§ **INFORMATION GIVEN**:
►
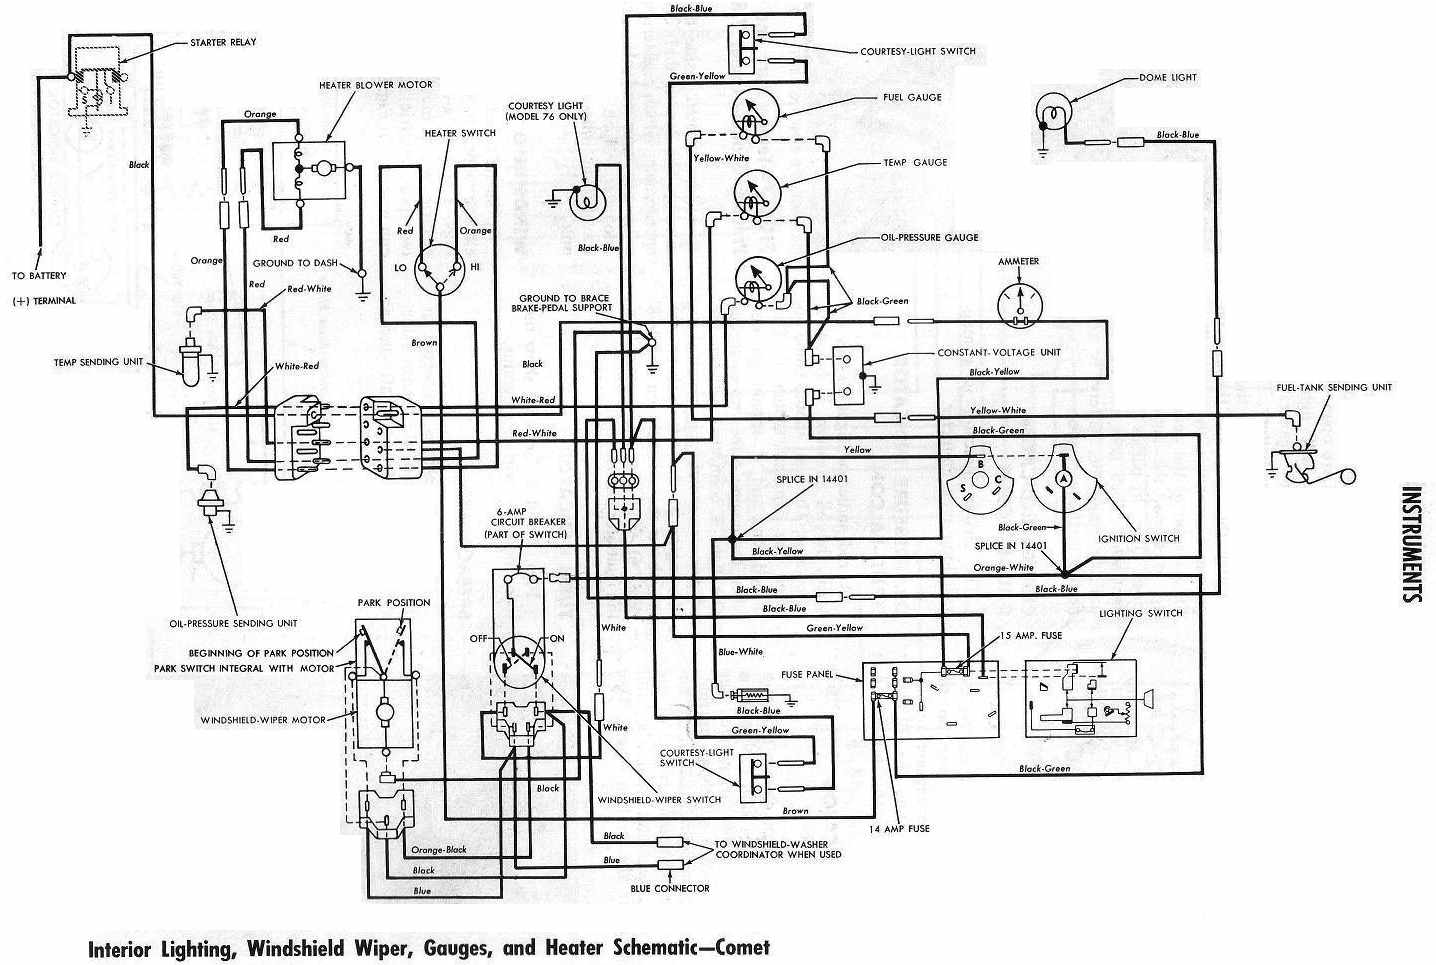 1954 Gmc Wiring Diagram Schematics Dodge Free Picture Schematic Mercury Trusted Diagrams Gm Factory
◄
►
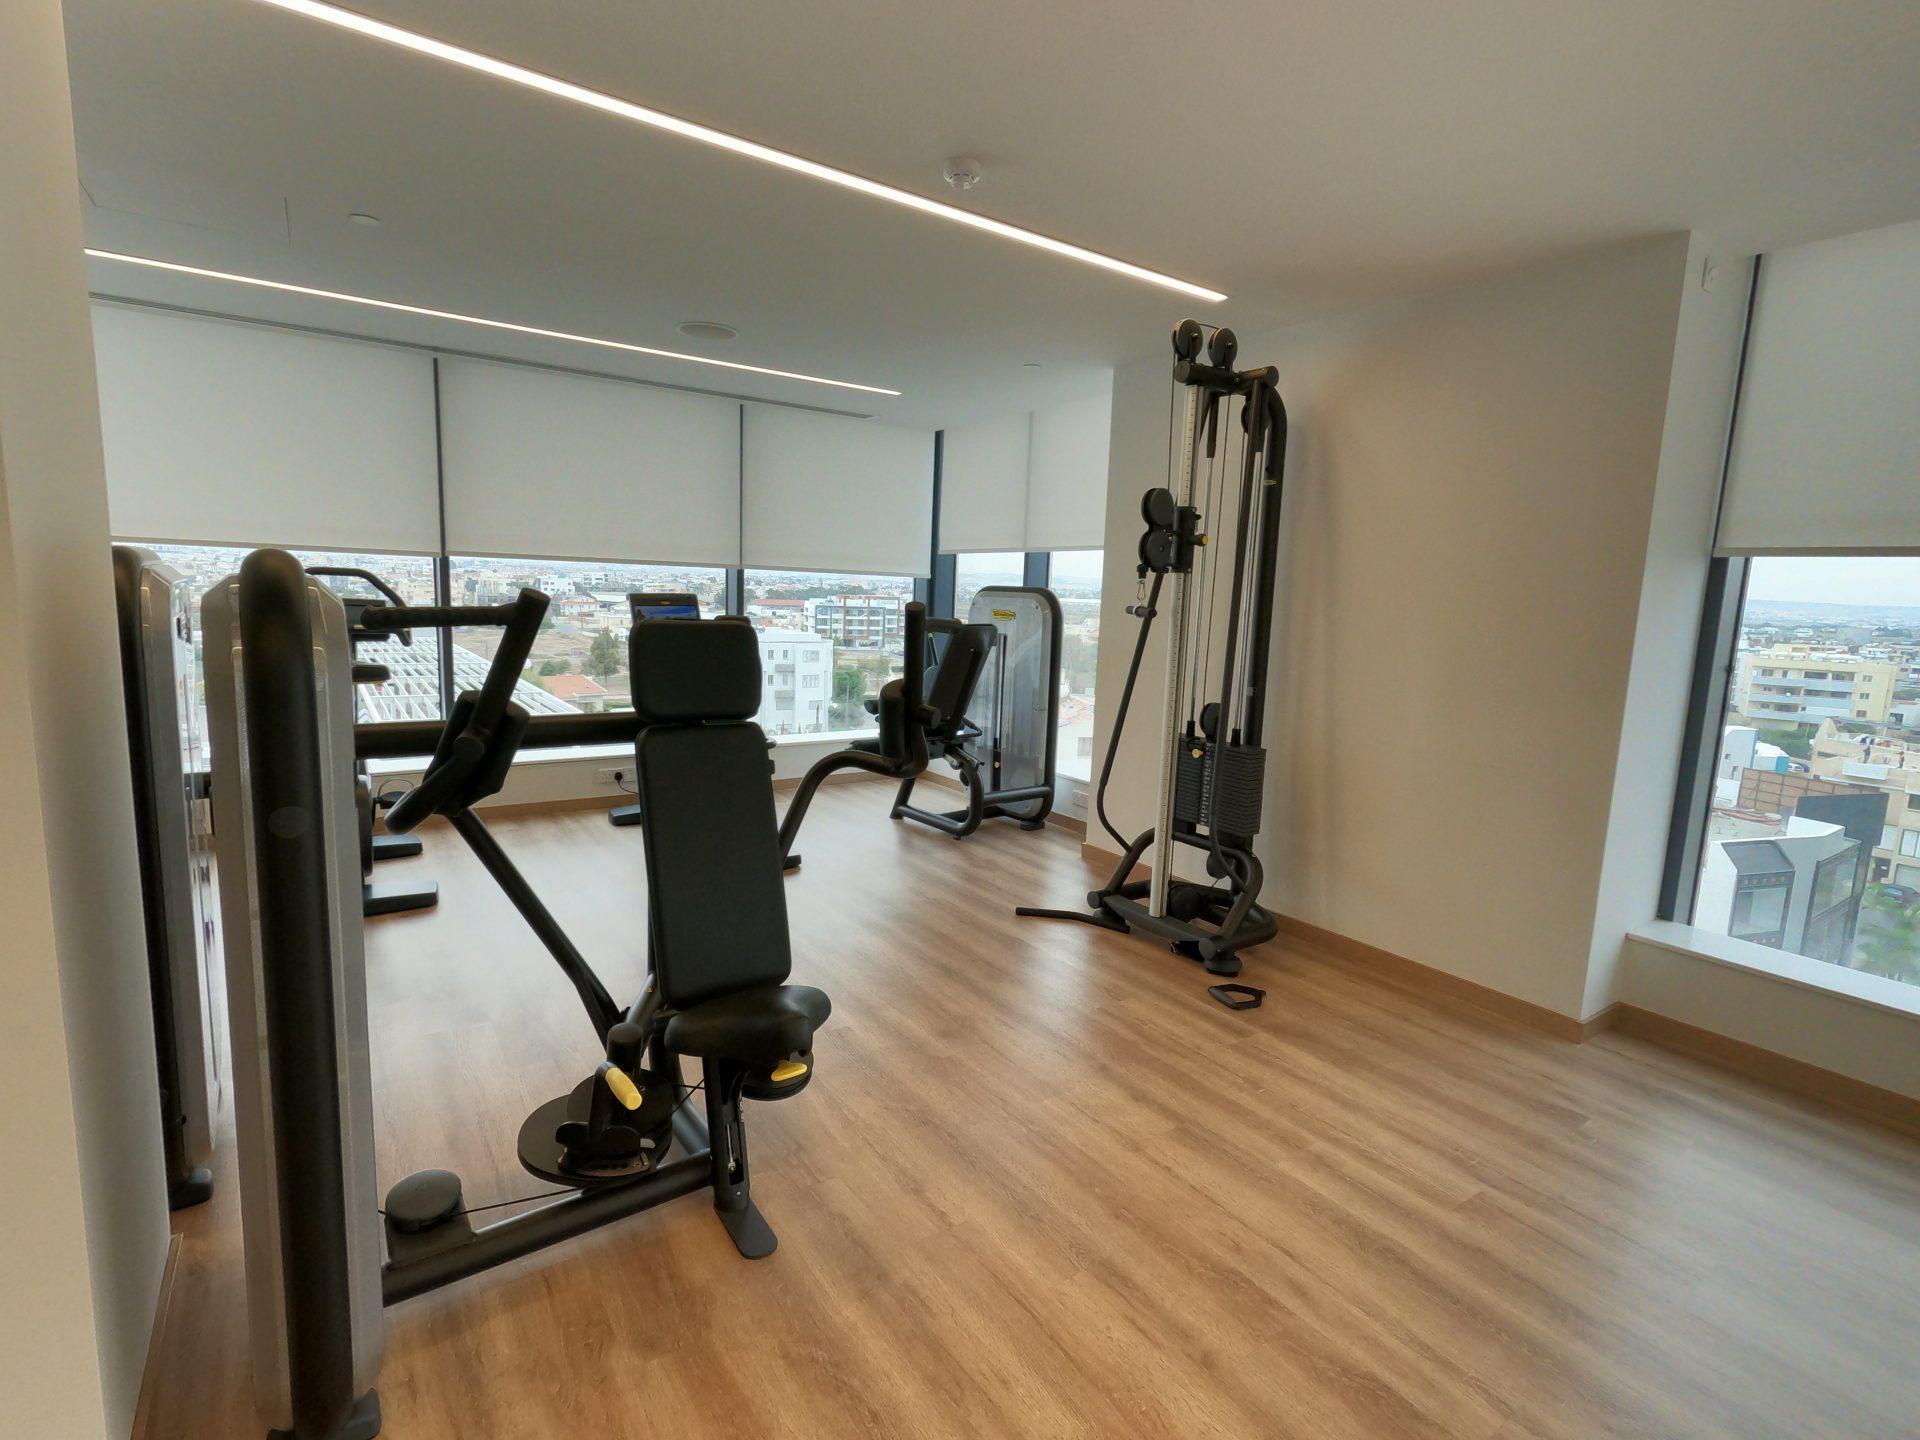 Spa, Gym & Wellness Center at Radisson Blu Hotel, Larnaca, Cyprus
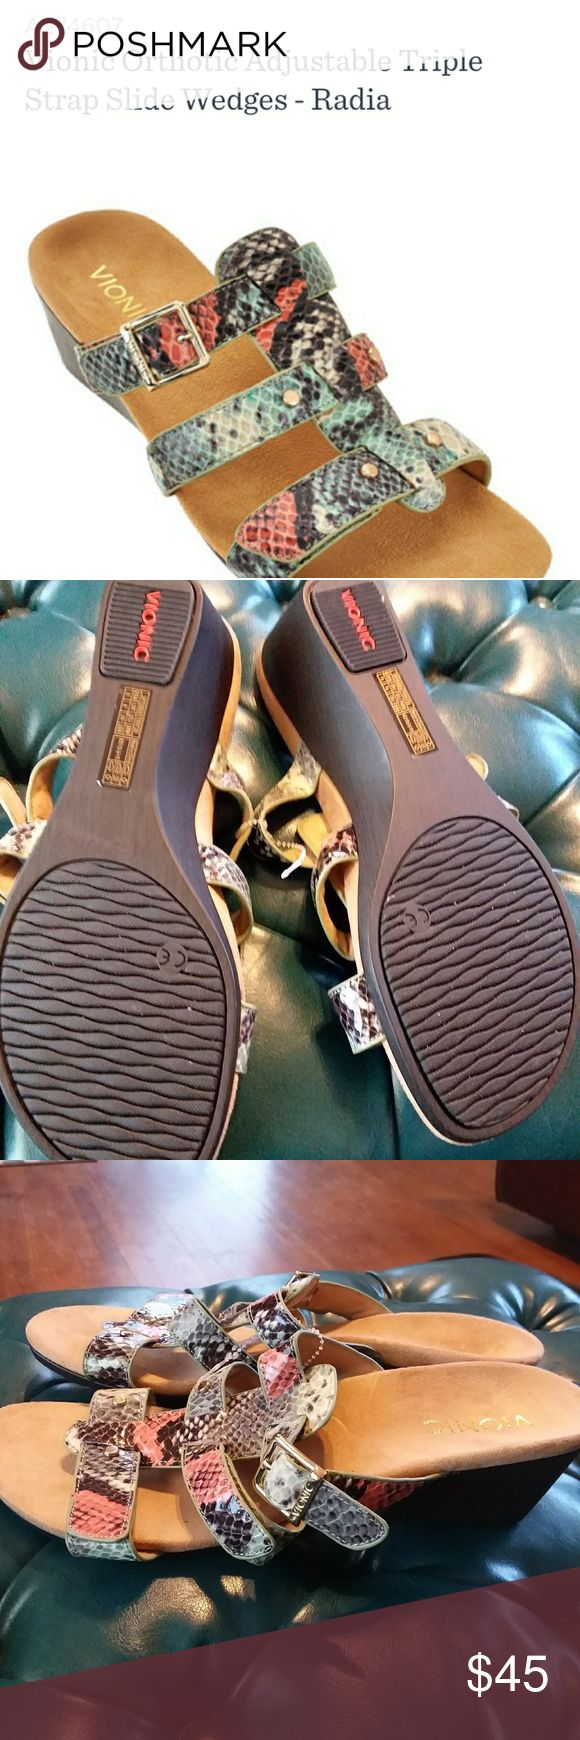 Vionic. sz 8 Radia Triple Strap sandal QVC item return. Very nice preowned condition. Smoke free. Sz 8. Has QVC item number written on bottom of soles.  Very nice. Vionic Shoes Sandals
◄
§ **WHAT IS NEEDED**:
Between and including the line with "Spa, Gym & Wellness" and the line with "Vionic. sz 8", repeat every line exactly as it appears above, with pictures left out.

§ **OUTPUT OF THE EXERCISE**:
 Spa, Gym & Wellness Center at Radisson Blu Hotel, Larnaca, Cyprus
 Vionic. sz 8 Radia Triple Strap sandal QVC item return. Very nice preowned condition. Smoke free. Sz 8. Has QVC item number written on bottom of soles.  Very nice. Vionic Shoes Sandals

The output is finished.